Task statement => Output the lines of the listing below exactly, starting at the line containing "Paul Barrett collected" and stopping after the last line, with any pictures dropped.

##### The data

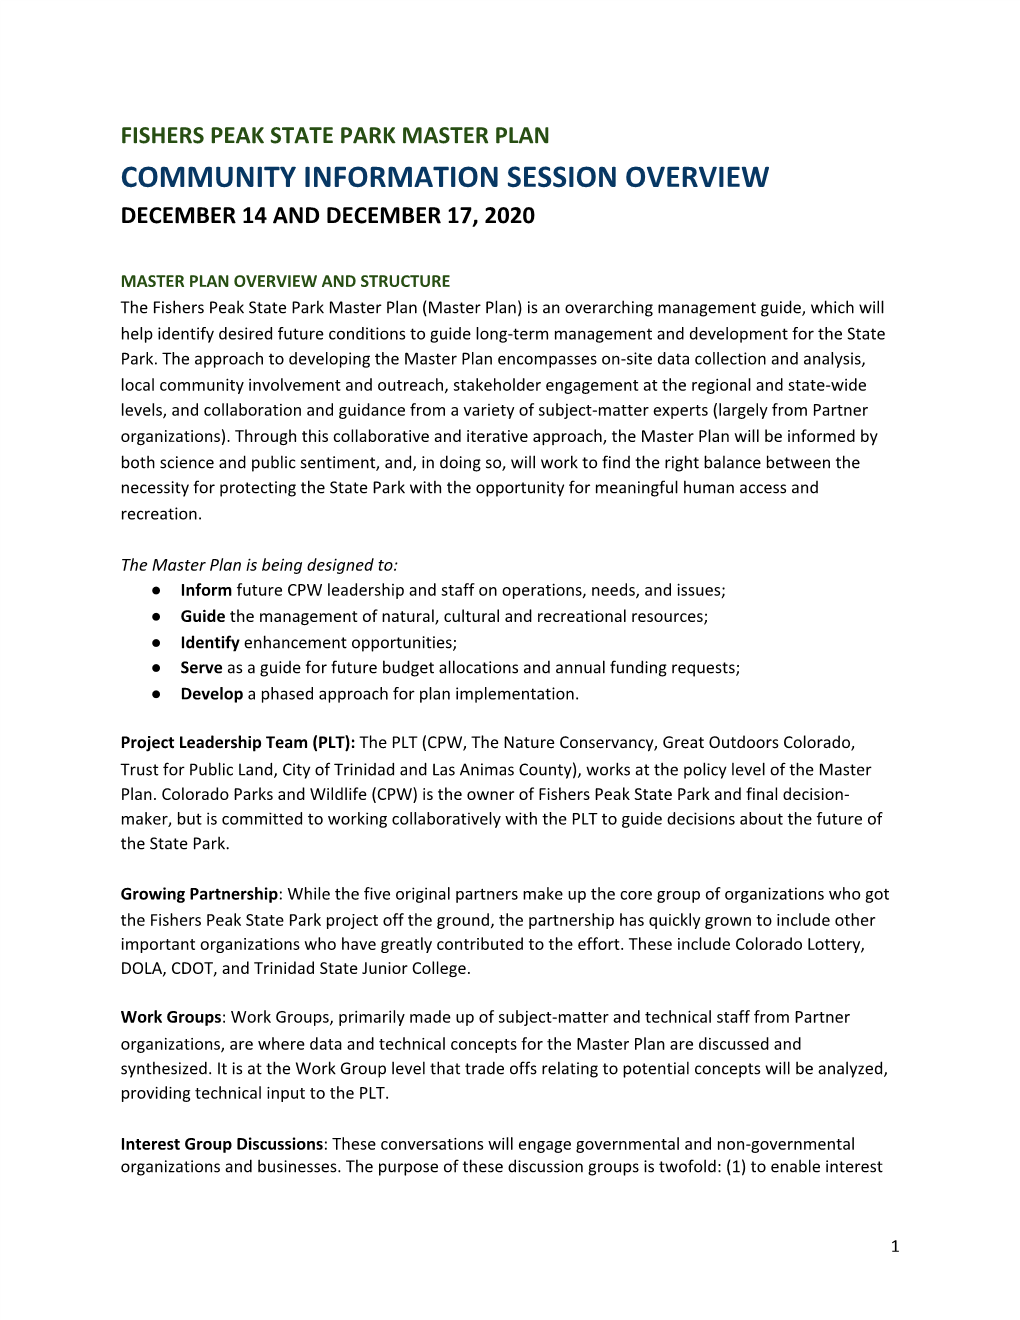 Community Information Session Overview December 14 and December 17, 2020
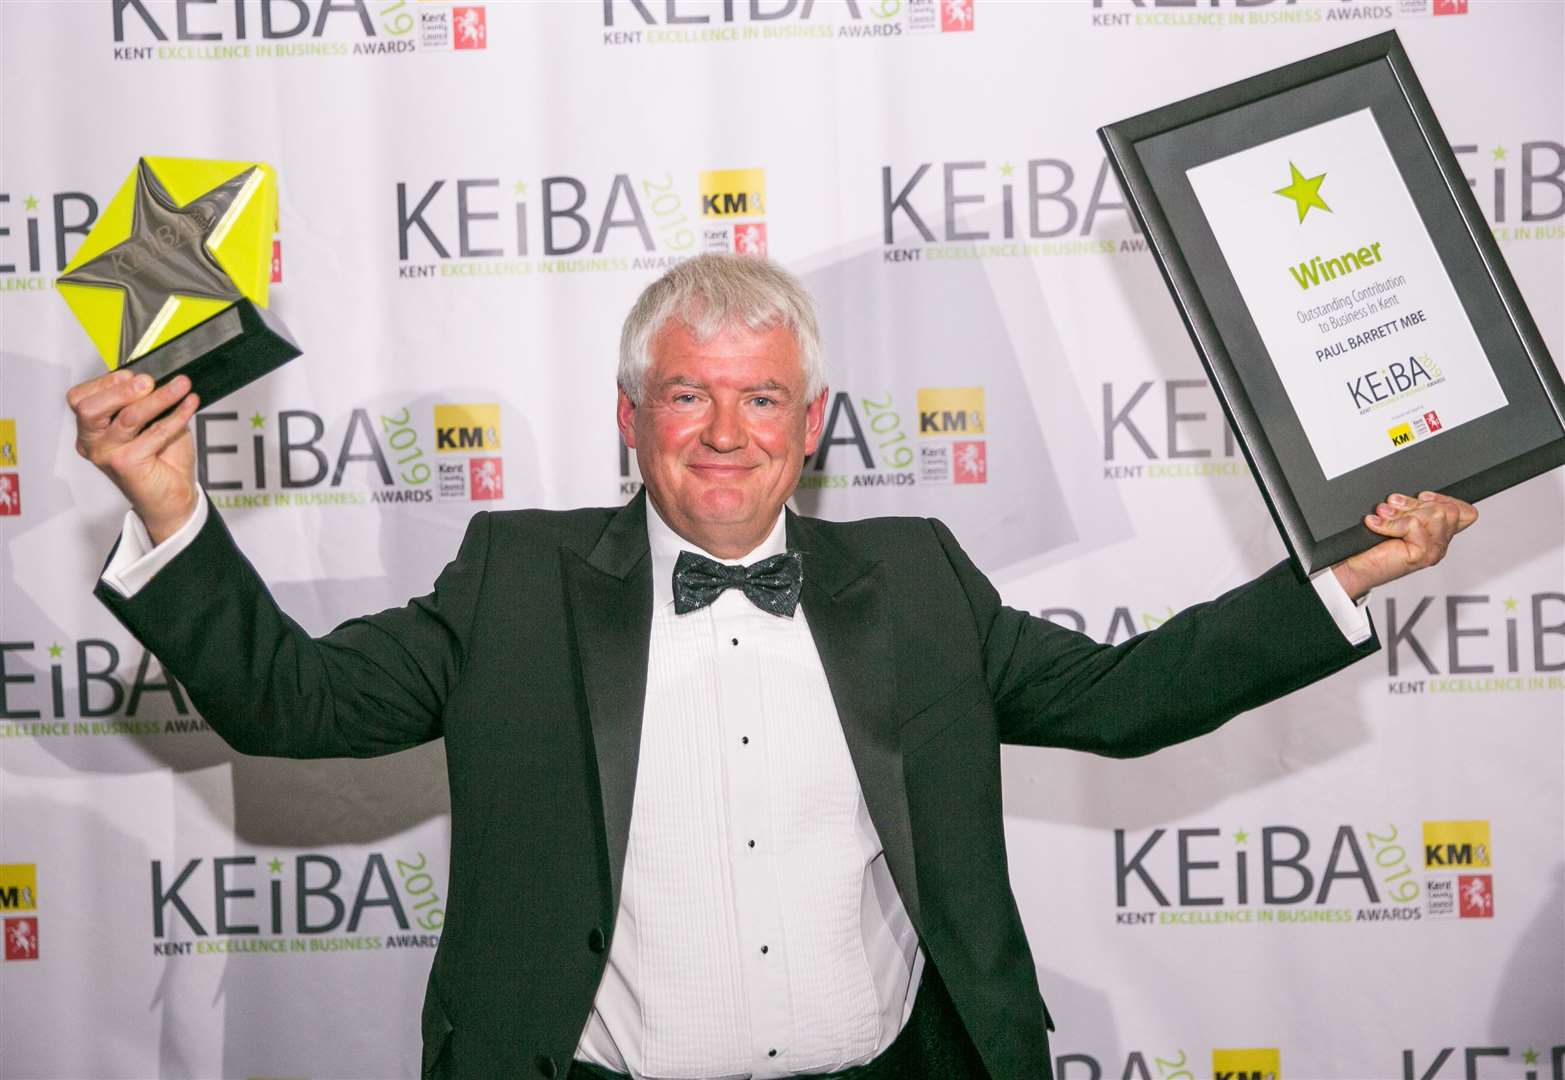 Paul Barrett collected the Outstanding Contribution to Business in Kent Award in 2019
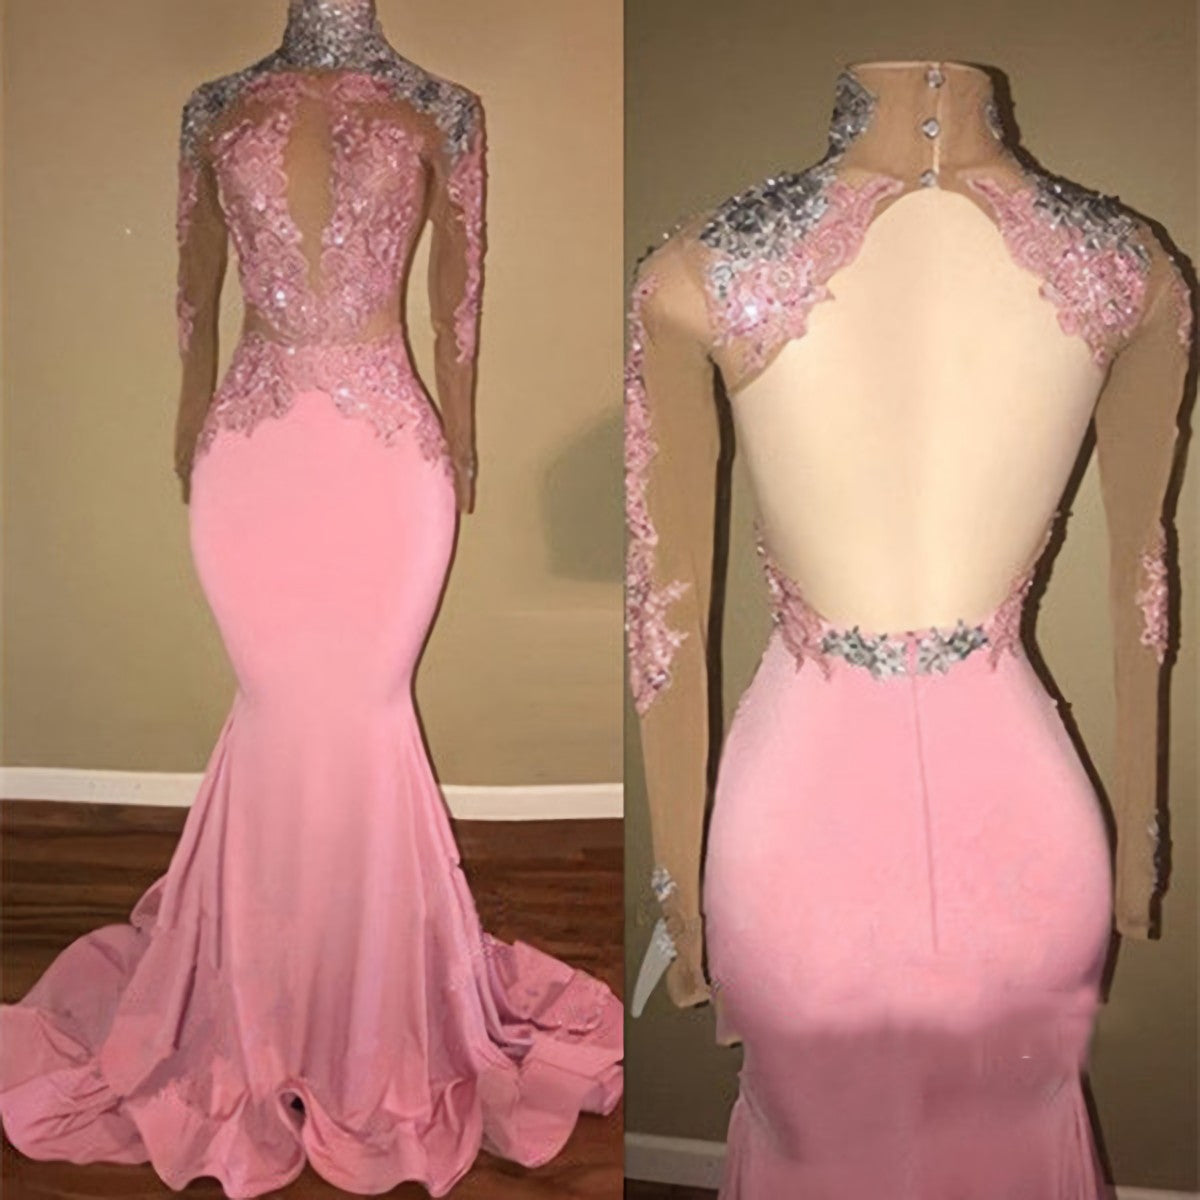 Prom Dresses Patterned, Mermaid Backless Long Sleeves Pink See Through African Long Prom Dresses

##########

Written response =>
 Paul Barrett collected the Outstanding Contribution to Business in Kent Award in 2019
 Prom Dresses Patterned, Mermaid Backless Long Sleeves Pink See Through African Long Prom Dresses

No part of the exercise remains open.